Valuation and Price Action
Hawaiian Electric’s stock has sold off a lot, but still doesn’t look that cheap on a PE basis given the risks at hand. Investors assessing this company probably also follow other utilities and regional banks, where there are companies trading at depressed valuations without the idiosyncratic risk factors present here. Similar bargains can be found in the energy sector that also lack as severe risk factors. The valuation of Hawaiian Electric just doesn’t look that compelling to us even if a lot ends up going right, and investors do not appear to be adequately compensated for the risk.
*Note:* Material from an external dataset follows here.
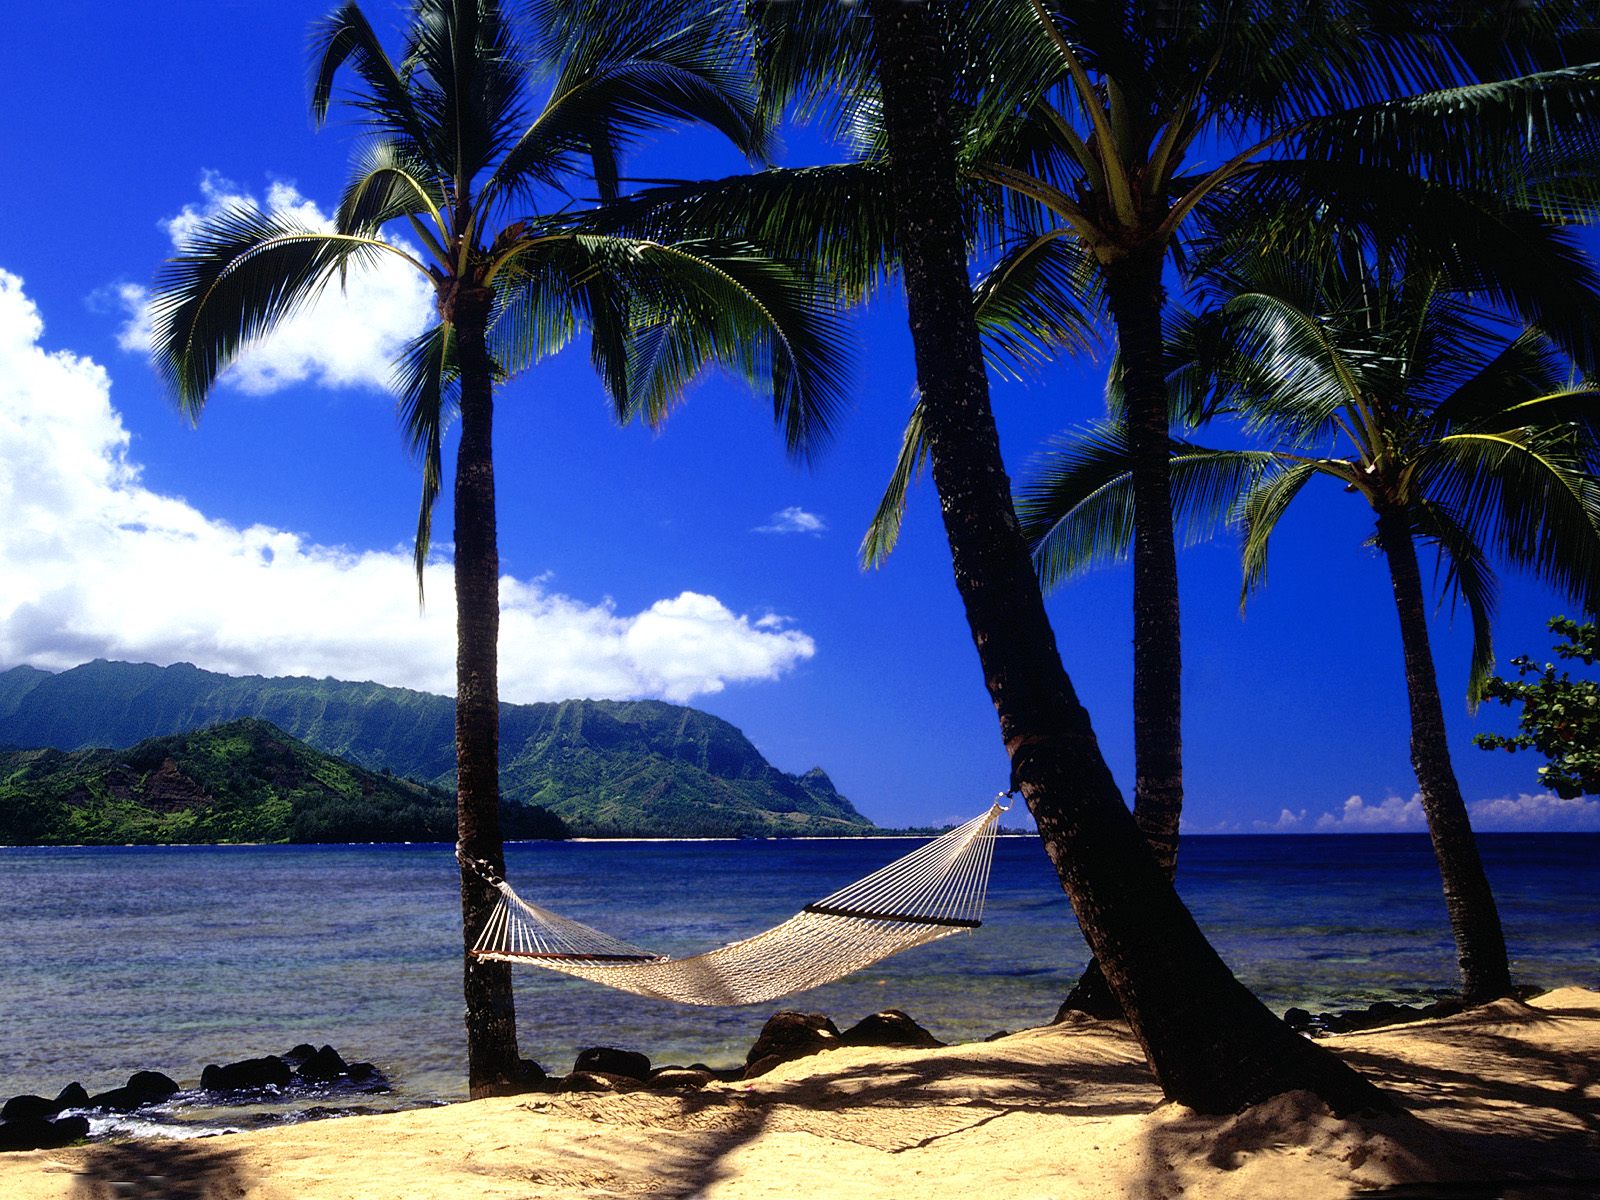 Afternoon Nap, Kauai, Hawaii
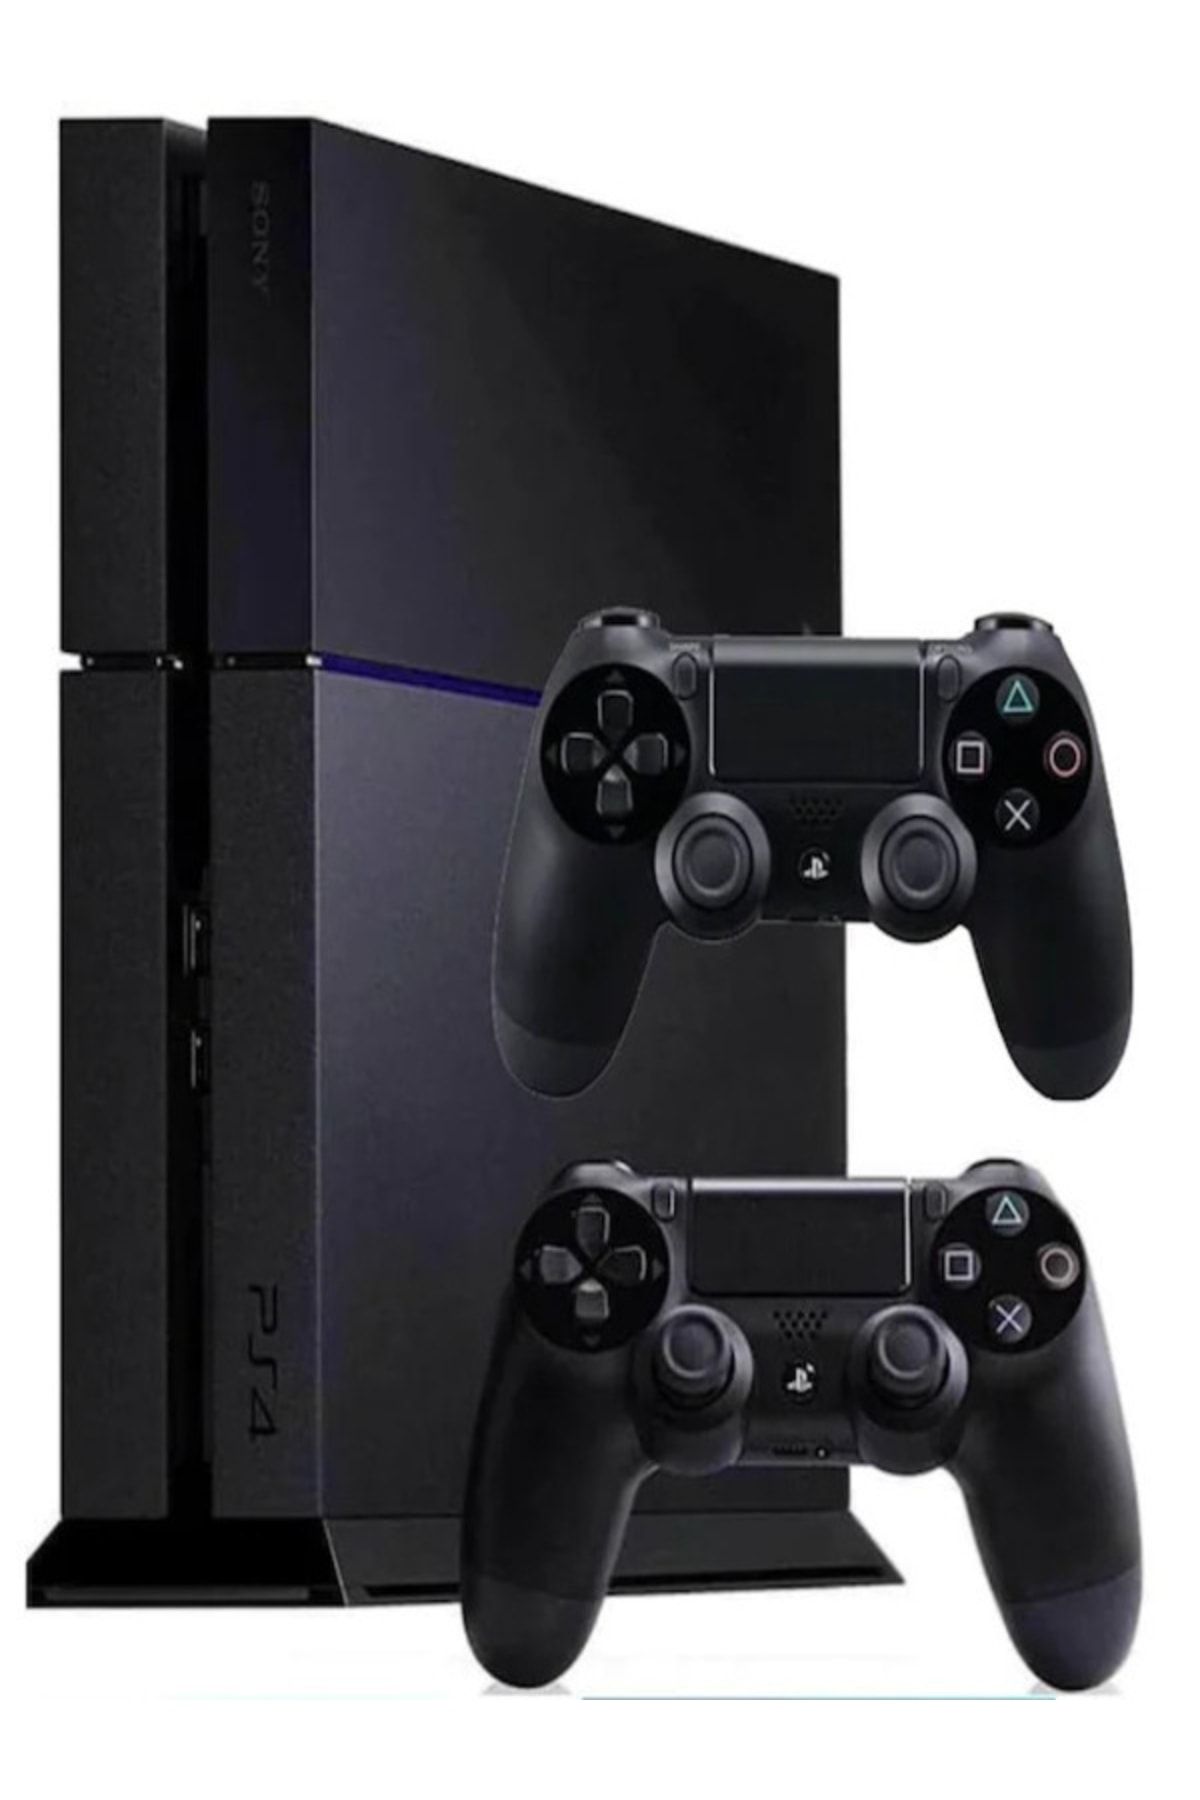 Sony Playstation 4 Parlak Kasa 500gb 2 Joystick 6 Ay Garanti Yenilenmiş Üründür.

Hawaiian Electric is most likely trading below book value because the market is questioning their balance sheet, in our view. The market likely believes that their balance sheet has some missing liabilities on it, and that their true book value is much lower than what is stated on their balance sheet. This may or may not end up being the case, but the market is definitely discounting something. Given the situation, we wouldn’t be comfortable investing based on a discount to book value.
Shares have sold off heavily following the news and events surrounding the Maui Wildfires. The market tends to shoot first and ask questions later, especially so after a major tragedy. Contrarian and value investors may be tempted to take a position here and the company may indeed be undervalued at current prices. The water is muddy, which can be a sign of opportunity just as it can be a sign of danger. Our belief is that the potential reward is not great enough to merit the risks, and investors would be better off investing their capital elsewhere. We have nothing against the company. Long investors who disagree with us can certainly make a valid bullish case and we wish them the best of luck with their investment. Distressed asset investing is not the type of game we play, but there are plenty of others who can play it well.
The main risks to being bullish here concern the potential wildfire liabilities and balance sheet risk regarding the regional bank subsidiary.
The main risks to being bearish here are the possibility of a quick and favorable litigation outcome as well as the possibility for interest rates to decrease.
We think the situation here is difficult to assess and ultimately not worth the risk. For this reason, we believe that staying on the sidelines is the most prudent course of action.
We view Hawaiian Electric as being a poor investment opportunity based on the multitude of difficult to quantify risks, as well as the valuation discount not being wide enough for our liking. There are plenty of better opportunities out there with much clearer fundamentals in both the utility and regional banking sectors (as well as energy), so taking a position in Hawaiian Electric at these prices seems unwise given the investment alternatives available in the same (or adjacent) industries. There are multiple upside catalysts that could play out so shorting this company appears equally unwise. For now, we believe that staying on the sidelines is the best course of action.